Predicting Cognitive Decline From Androgen Deprivation Therapy

Prostate Cancer Clinical Trial

— ABC  

Official title:

Plasma Amyloid-beta 42/40 to Predict Cognitive Decline From Androgen Deprivation Therapy in Prostate Cancer: a Prospective Observational Study

Clinical Trial Details — Status: Recruiting

Administrative data

• NCT number: NCT05820932
• Other study ID #: 22806
• Secondary ID: NCI-2023-02192
• Status: Recruiting
• Start date: May 22, 2023
• Est. completion date: May 31, 2026

Study information

• Verified date: August 2023
• Source: University of California, San Francisco
• Contact: UCSF Genitourinary Medical Oncology Recruitment
• Phone: 877-827-3222
• Email: GUTrials[@]ucsf.edu
• Is FDA regulated: No
• Study type: Observational

Clinical Trial Summary

Androgen Deprivation Therapy (ADT) is associated with cognitive impairment and dementia in men with prostate cancer. Pre-clinical data suggest that ADT-induced hypogonadism leads to accumulation of beta-amyloid plaques in the hippocampus, a pathological hallmark of Alzheimer's Disease (AD). Neuroimaging Functional magnetic resonance imaging (fMRI) studies also demonstrate that ADT decreases metabolic activity in the parietal, occipital, and prefrontal cortices. Multiple prospective cohort and population-based clinical studies have been conducted to test the association between ADT and cognitive impairment and/or dementia.

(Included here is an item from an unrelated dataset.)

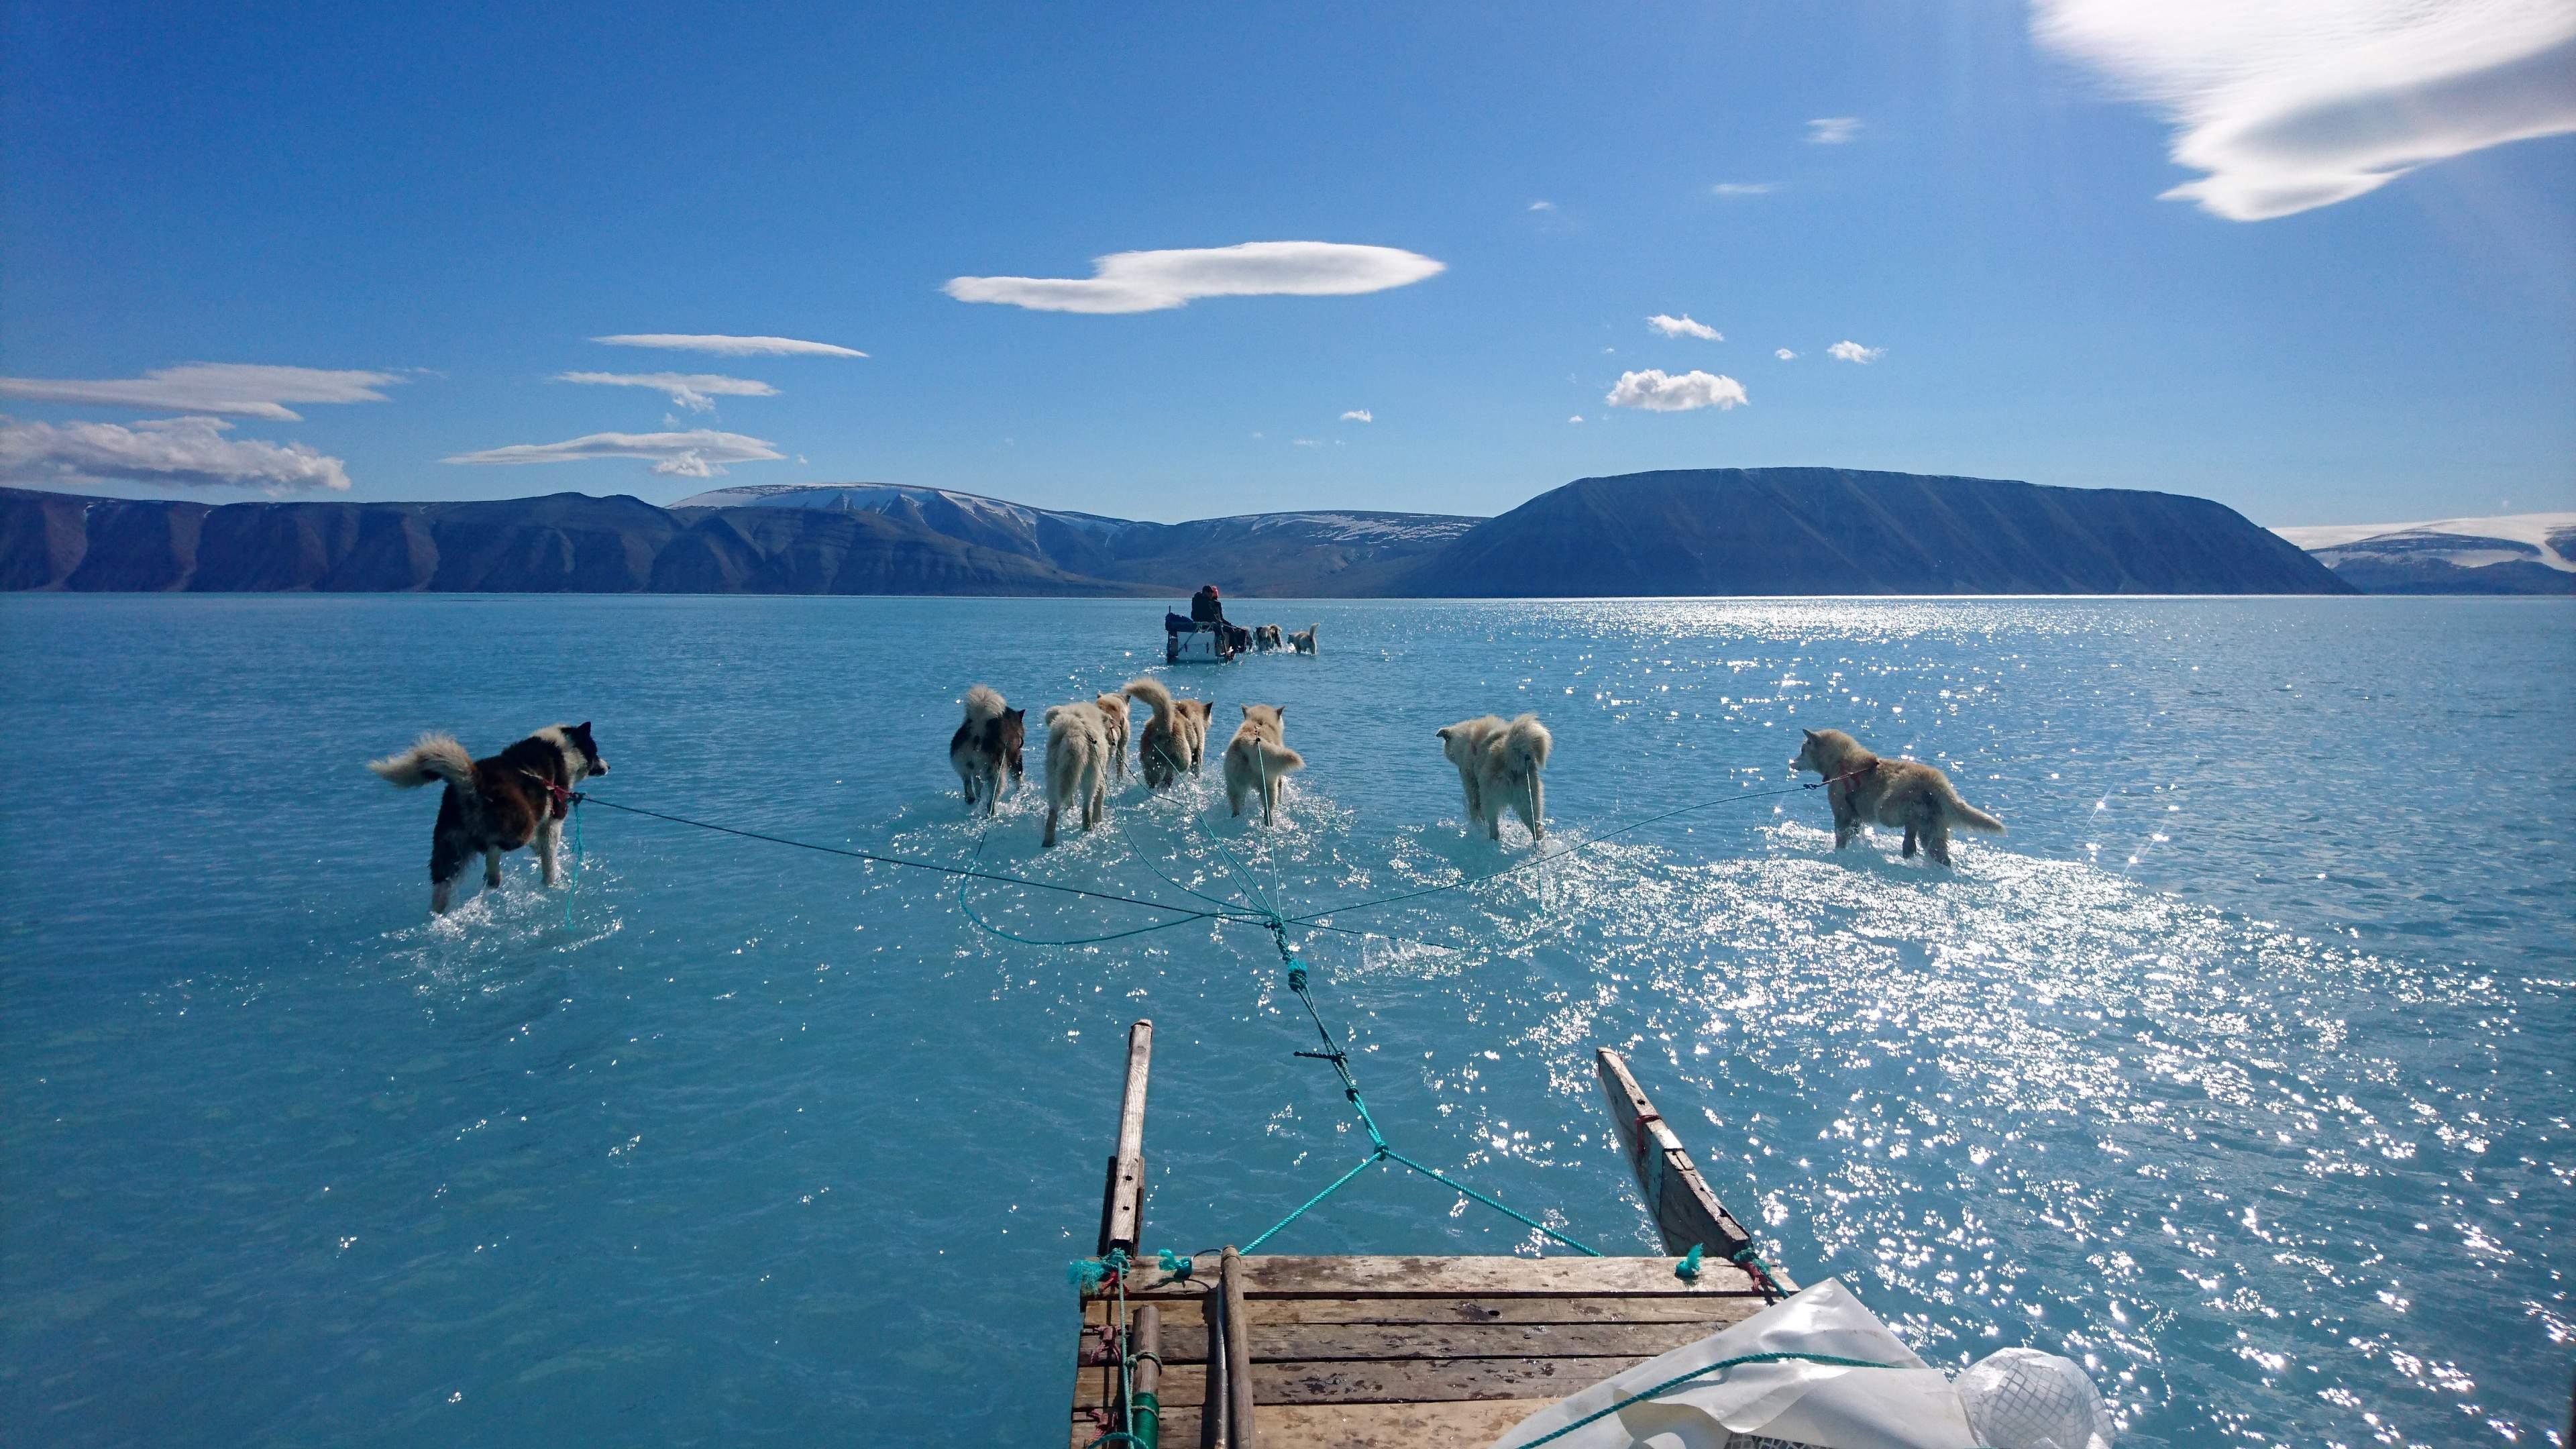 Greenland, June 2019

Plasma biomarkers have been developed to predict brain amyloidosis, a key pathological feature of AD and a risk factor for developing dementia due to AD. The advantage of a blood-based assay is the lower cost, invasiveness, and time compared to cerebrospinal fluid (CSF) and Positron Emission Tomography (PET)-based biomarkers.

Description:

This is a single-site, non-randomized prospective observational study of men with prostate cancer.

PRIMARY OBJECTIVE:

I. To evaluate whether baseline plasma Amyloid-beta 42/40 (Aβ42/40) ratio is associated with cognitive decline in men upon starting ADT.

SECONDARY OBJECTIVE:

I. To evaluate whether ADT is associated with a decline in plasma Aβ42/40 ratio.

II. To evaluate whether intensified ADT (iADT) receipt is associated with greater cognitive decline compared to ADT.

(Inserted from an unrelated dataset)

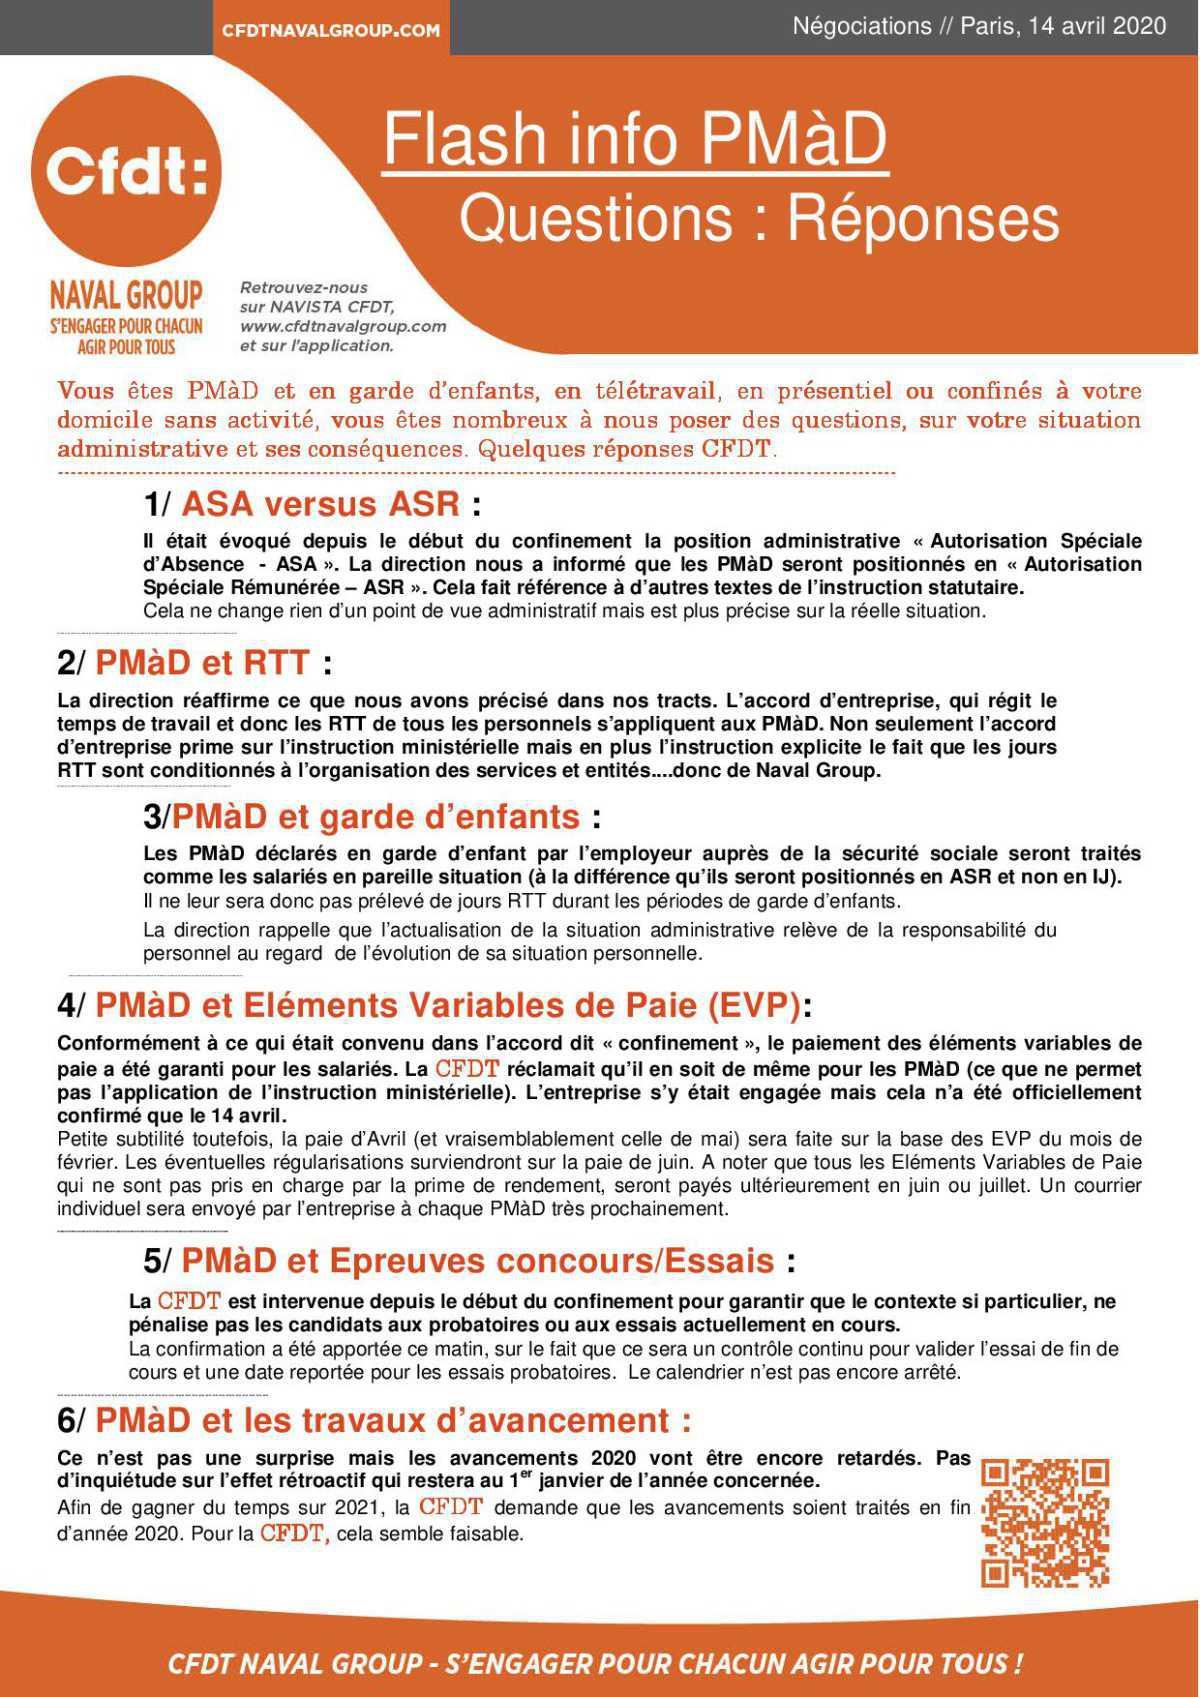 Flash Info PMAD

Recruitment information / eligibility

• Status: Recruiting
• Enrollment: 240
• Est. completion date: May 31, 2026
• Est. primary completion date: May 31, 2026
• Accepts healthy volunteers: No
• Gender: Male
• Age group: 18 Years and older

Eligibility

Inclusion Criteria:

Patient Participants-

• Age 18 years or greater.

• Fluent in reading, listening to, and writing English.

• Current or prior diagnosis of prostate adenocarcinoma based on a pathology report or as documented in a medical oncology, urology, or radiation oncology note.

• Access and ability to use a computer or mobile device with Internet connectivity to complete study procedures.

• Telephone Montreal Cognitive Assessment (T-MoCA) of 16 or greater.

• Eastern Cooperative Oncology Group (ECOG) performance status 0-2 (documented within past 3 months, otherwise patient-reported).

Study partner participants-

• Age 18 years or greater

• Fluent in reading, listening to, and writing English

• Identified by patient participant as a person who knows patient participant well, like a friend, family member or spouse.

• Access and ability to use a computer or mobile device with internet connectivity to complete study procedures.

Only the ADT cohort-

• Anticipated to start ADT, which includes one of the following two treatments

• Gonadotropin-releasing hormone (GnRH) agonist (e.g., leuprolide, goserelin, and others).

• GnRH antagonist (i.e., degarelix or relugolix).

• Anticipated to remain on ADT for at least 12 months.

• Concurrent first-generation anti-androgens (e.g., bicalutamide, flutamide, nilutamide) and novel androgen-signaling inhibitors (e.g., abiraterone, enzalutamide, and apalutamide) are allowed.

• Concurrent radiation is allowed.

Only the PC cohort-

• Has completed definitive local therapy (radical prostatectomy or radiation therapy) for localized prostate cancer at least 6 months prior to screening.

• For radical prostatectomy: undetectable prostate-specific antigen (PSA) within 12 months of screening.

• For radiation therapy: last PSA of < 2.0 within 12 months of screening.

Exclusion Criteria:

Patient Participants-

• Small cell prostate carcinoma (pure or mixed).

• Receipt of ADT (GnRH agonist, GnRH antagonist, 1st-generation anti-androgen, or novel androgen signaling inhibitor) within 6 months before screening. ADT >6 months prior to screening is allowed provided testosterone has recovered to 100 ng/ml or greater.

• Concurrent or anticipated (at any point during first 12 months of ADT) non-hormonal, antineoplastic systemic therapy, such as chemotherapy.

• Testosterone <100 ng/ml.

• Prior or concurrent brain metastases (no prior or screening imaging is required).

• Major neurocognitive or psychiatric disorders, such as dementia or schizophrenia.

• Prior or concurrent malignancy other than prostate cancer whose natural history or treatment has the potential to interfere with study assessments.

Study partner participants-

• None.

Only the ADT cohort-

• None.

Only the PC cohort-

• Any prior, concurrent, or anticipated use of any hormonal systemic therapy, including GnRH agonist, GnRH antagonist, 1st-generation anti-androgen, or novel androgen signaling inhibitor.

• Any known or prior history of M1 prostate cancer (no screening imaging required).

• Current or prior biochemical recurrence following American Urological Association guidelines for radical prostatectomy or American Society for Therapeutic Radiology and Oncology (ASTRO) guidelines for radiation therapy.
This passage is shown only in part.